コンピュテーショナルデザインとは
コンピュテーショナルデザイン(こんぴゅてーしょなるでざいん / Computational Design)とは、従来は設計者の経験や感性により行ってきたデザインプロセスをコンピュータが代用または支援して行う設計手法のことです。
建築の設計は、建築主が求める機能や意匠性などに対して、設計者が敷地形状や周辺環境等の様々な与条件を考慮して、意匠や構造、設備など複合的な要素を検討してすすめていきます。建物規模が大きいほどプロジェクト関係者も多く、設計段階での合意形成には多くのプロセスを必要とします。
従来は、設計者が検討したデザインプランを都度模型等にし、合意を図りながら進めるのが一般的でしたが、コンピュテーショナルデザインでは、様々な条件をパラメータとして入力して、コンピュータに演算させることで迅速に最適解を導き出せるようになり、設計の初期段階から目指す姿を関係者で共有できるようになりました。

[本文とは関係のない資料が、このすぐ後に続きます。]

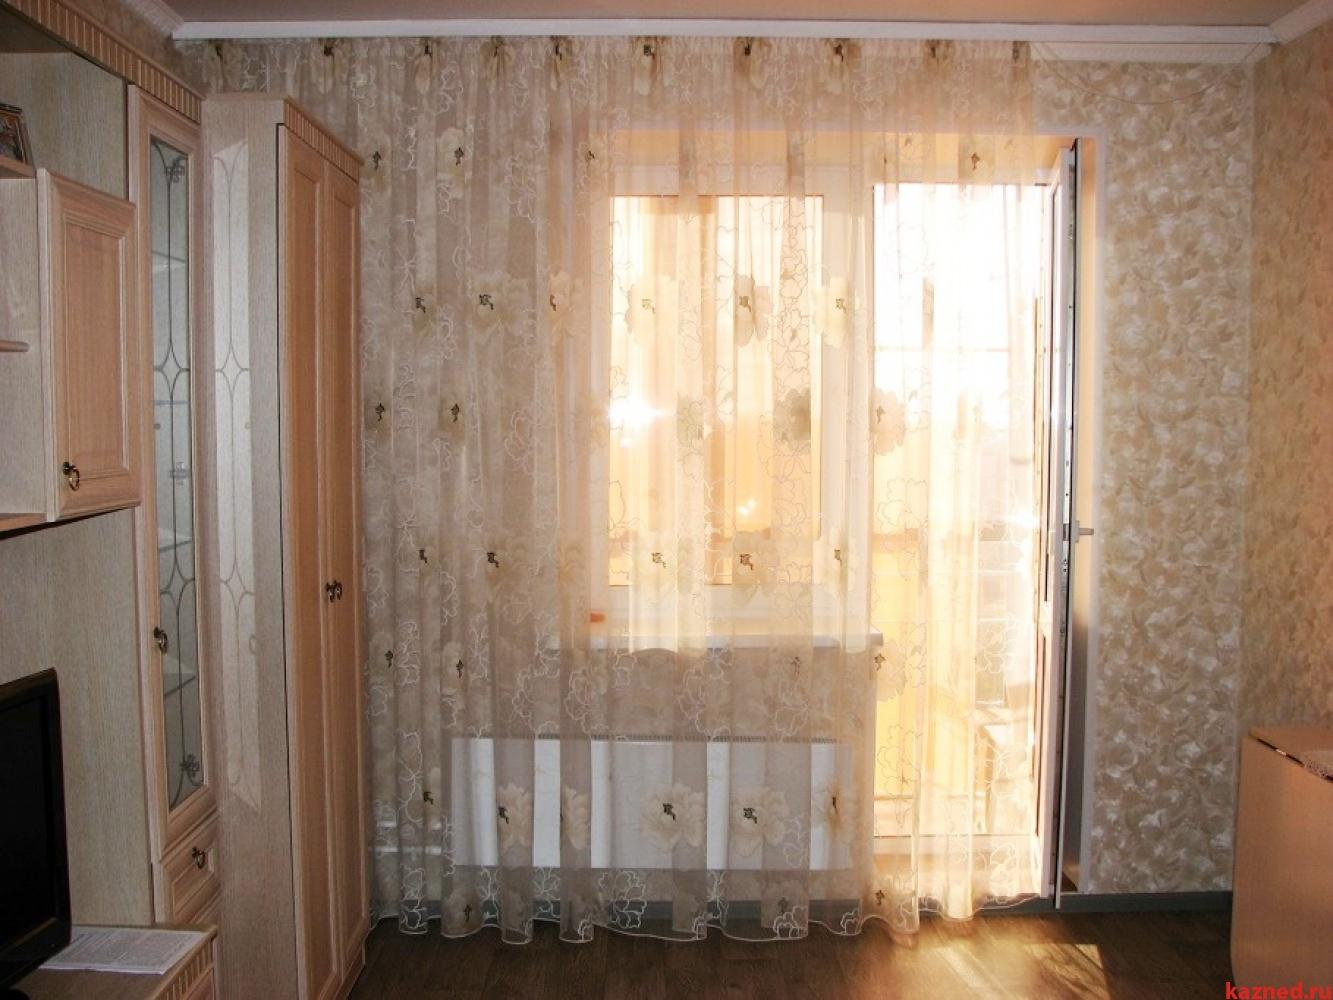 Продажа 2-к квартиры Альберта Камалеева,16, 54 м² (миниатюра №3)

またコンピュータで検討したプロセスが保存されるため、後からの振り返りや知的資産として再利用が可能となる、さらにコンピュータのデータやモデルを「製作、加工」までつなげることで生産性の飛躍的向上も期待される設計手法です。
欧米の大手組織設計事務所がコンピュテーショナルデザインに力を入れて取り組んでおり、設計手法の大きな潮流となってきています。竹中工務店では、2018年に専門部署を発足し、コンピュテーショナルデザインによる設計を取り入れた複数のプロジェクトが生まれています。
木材においては加工がしやすく自由なデザインをつくりやすいという特徴を持ち、コンピュテーショナルデザインが生み出す様々なデザインと親和性が高い建築材料といえます。今後コンピュテーショナルデザインを活用した木造建築が多く生まれることを期待しています。